▸ **Task objective**: Every line from the one holding "A mother and" through the one holding "Take me with" in the data below must be returned exactly, both ends included, with pictures left out and nothing else added.

▸ **Source data**:
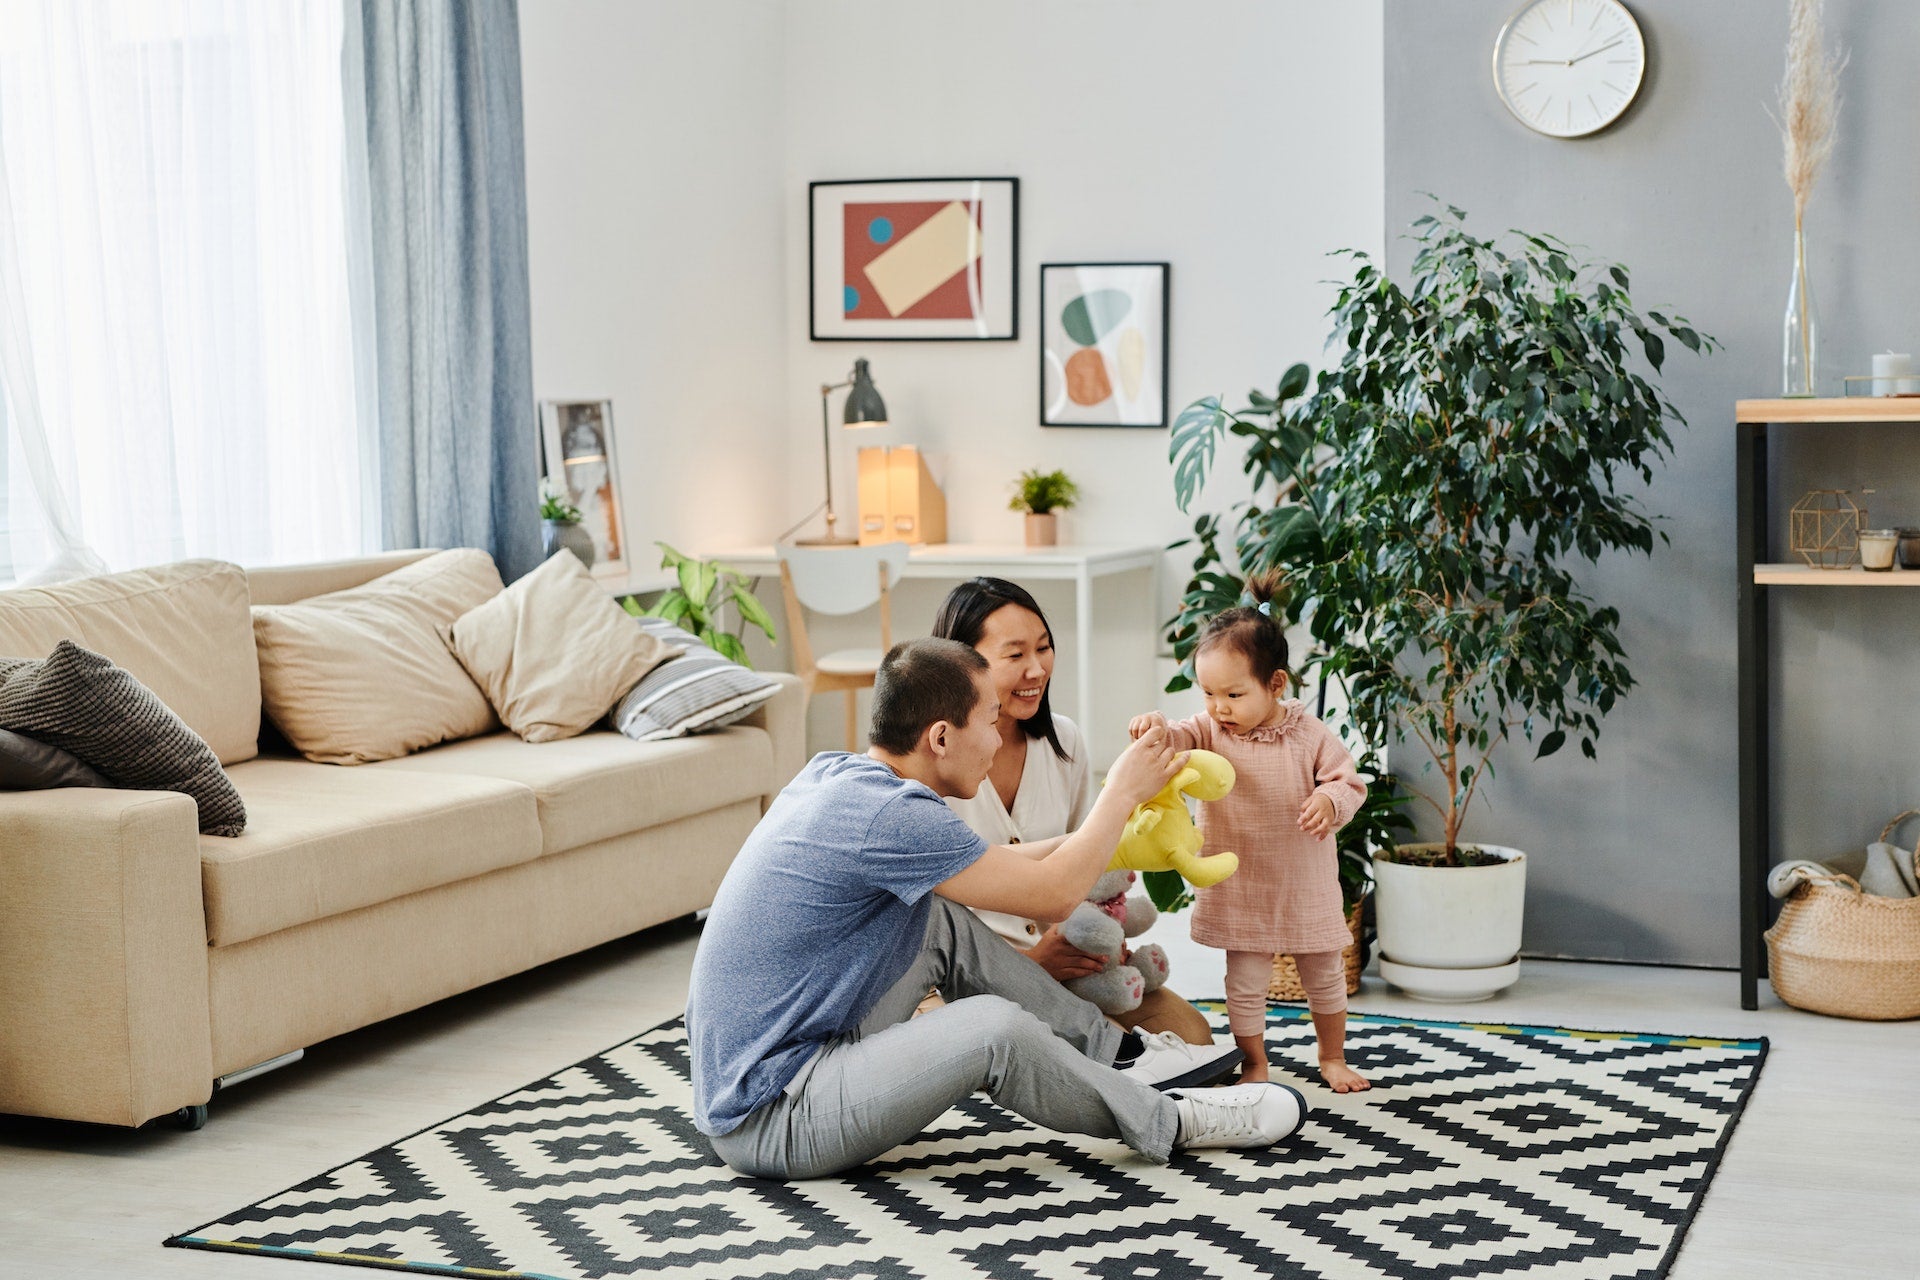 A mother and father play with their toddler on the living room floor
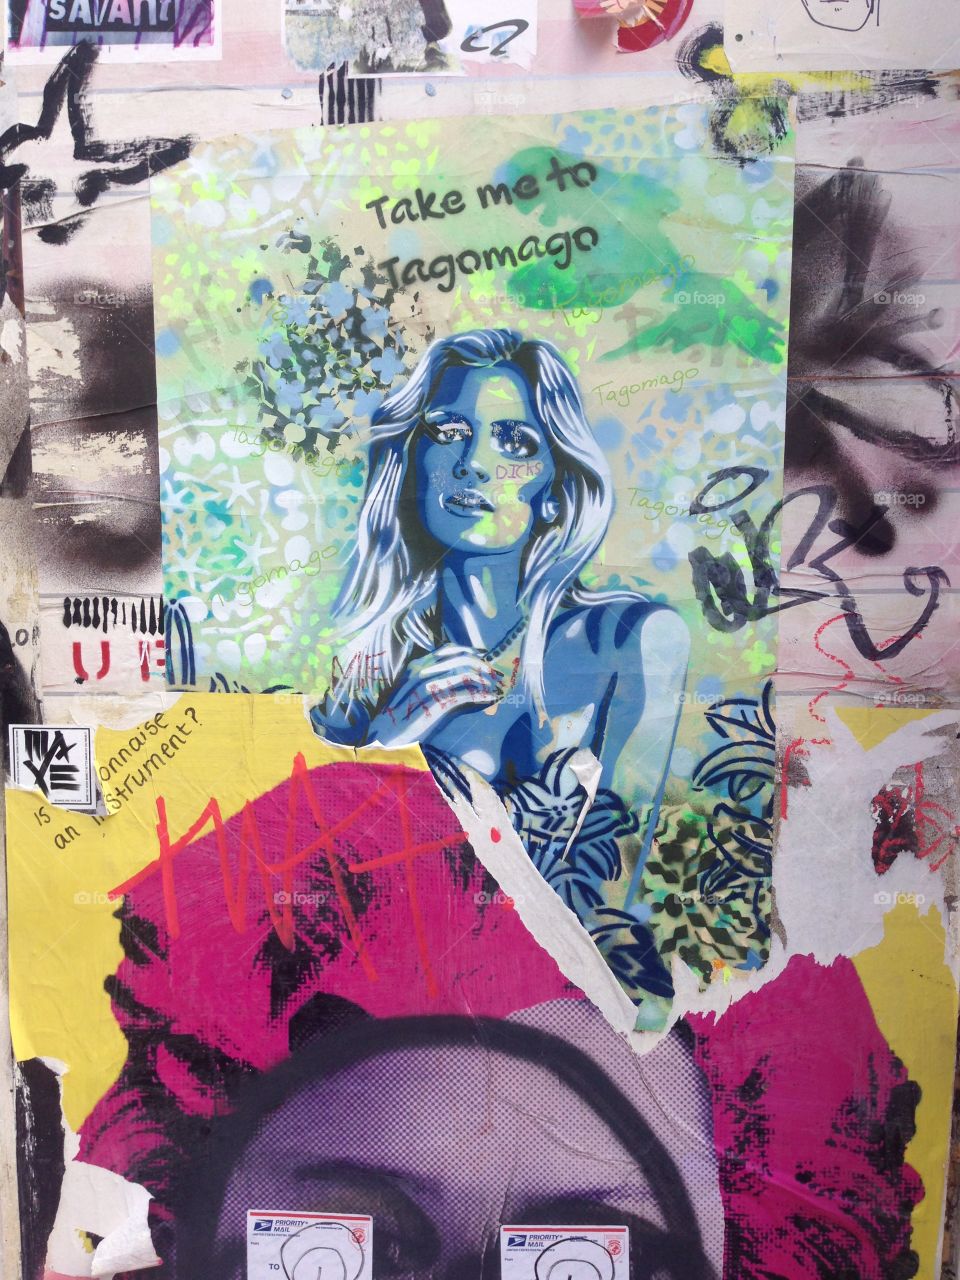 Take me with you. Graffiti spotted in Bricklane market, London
==
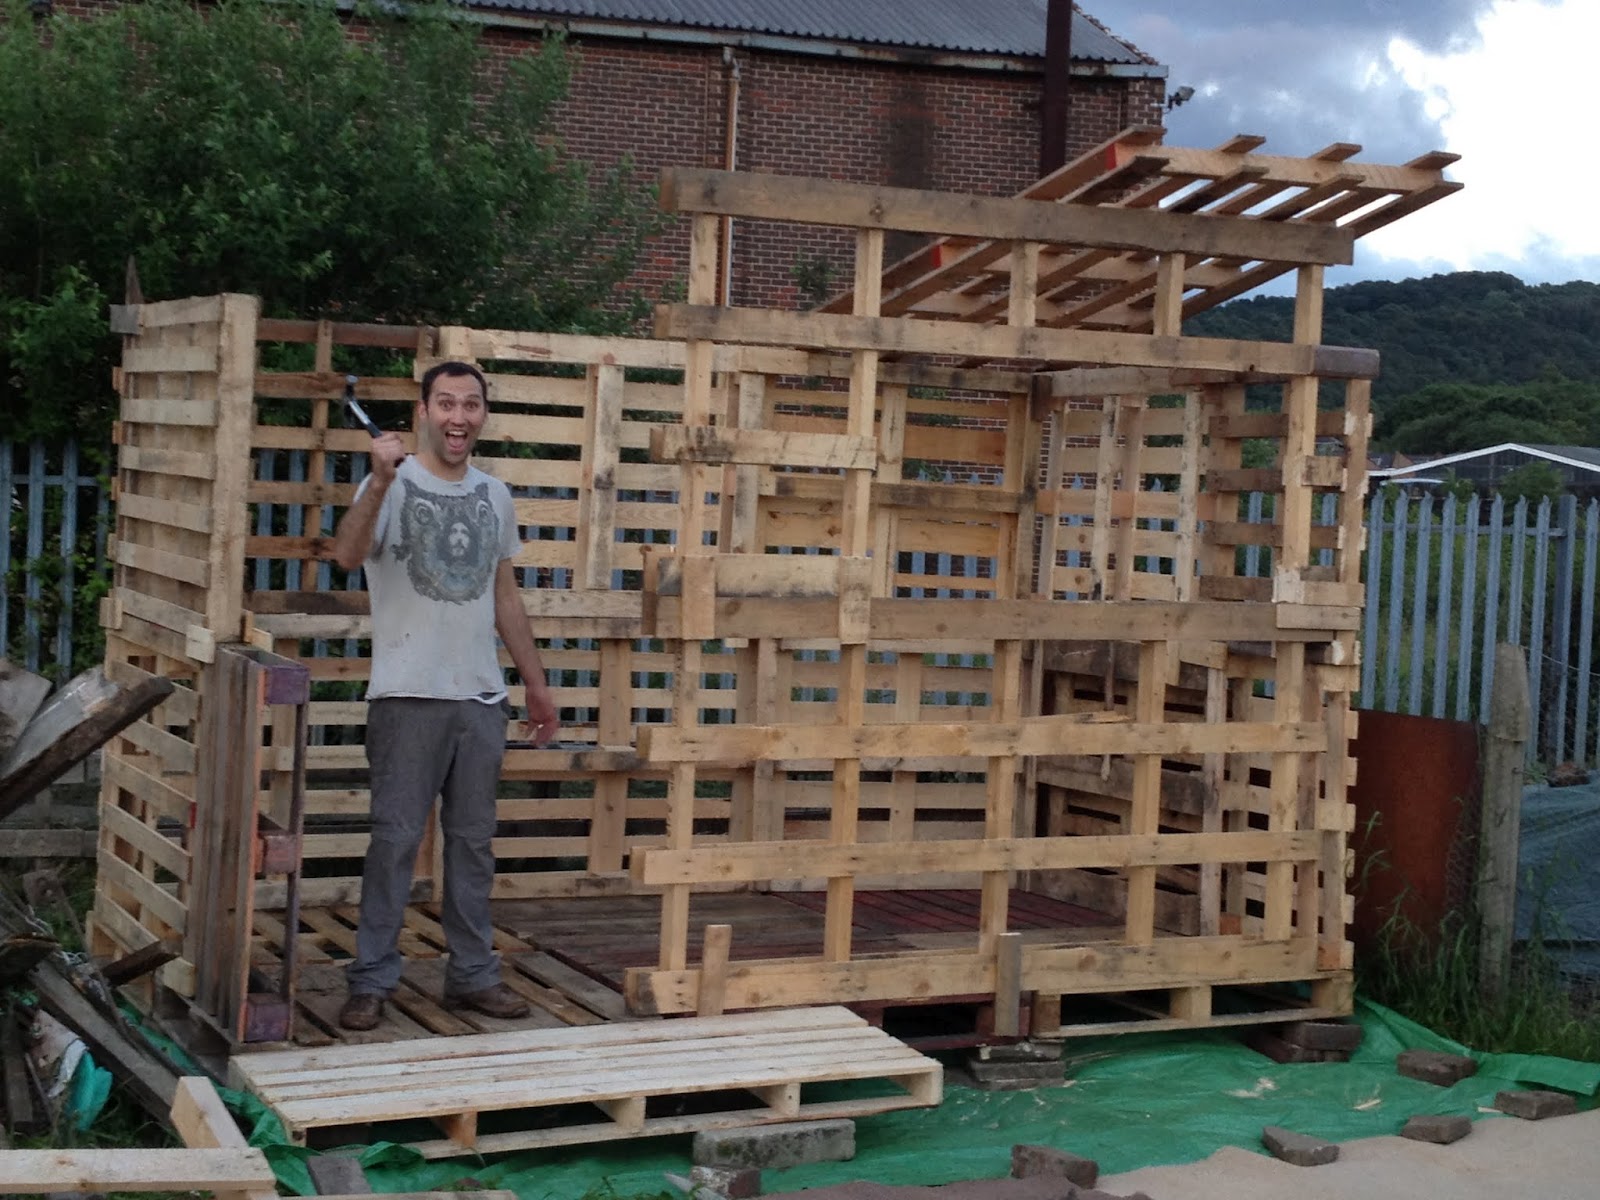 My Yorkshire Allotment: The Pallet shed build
--
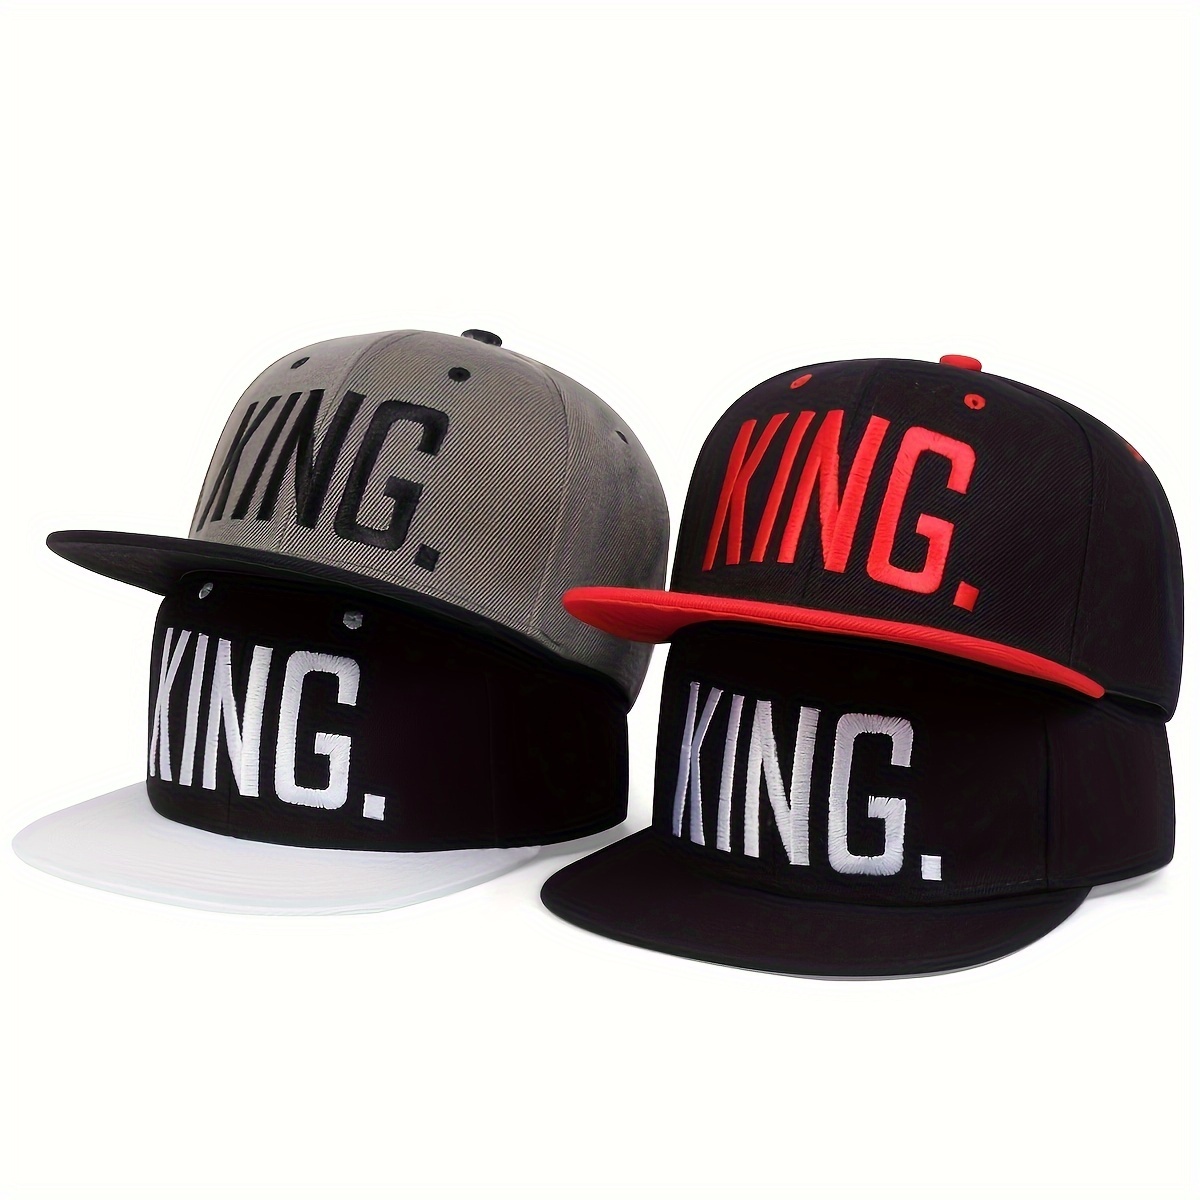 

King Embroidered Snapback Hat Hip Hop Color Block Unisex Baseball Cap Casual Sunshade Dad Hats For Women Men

▸ **Expected output**:
 A mother and father play with their toddler on the living room floor
 Take me with you. Graffiti spotted in Bricklane market, London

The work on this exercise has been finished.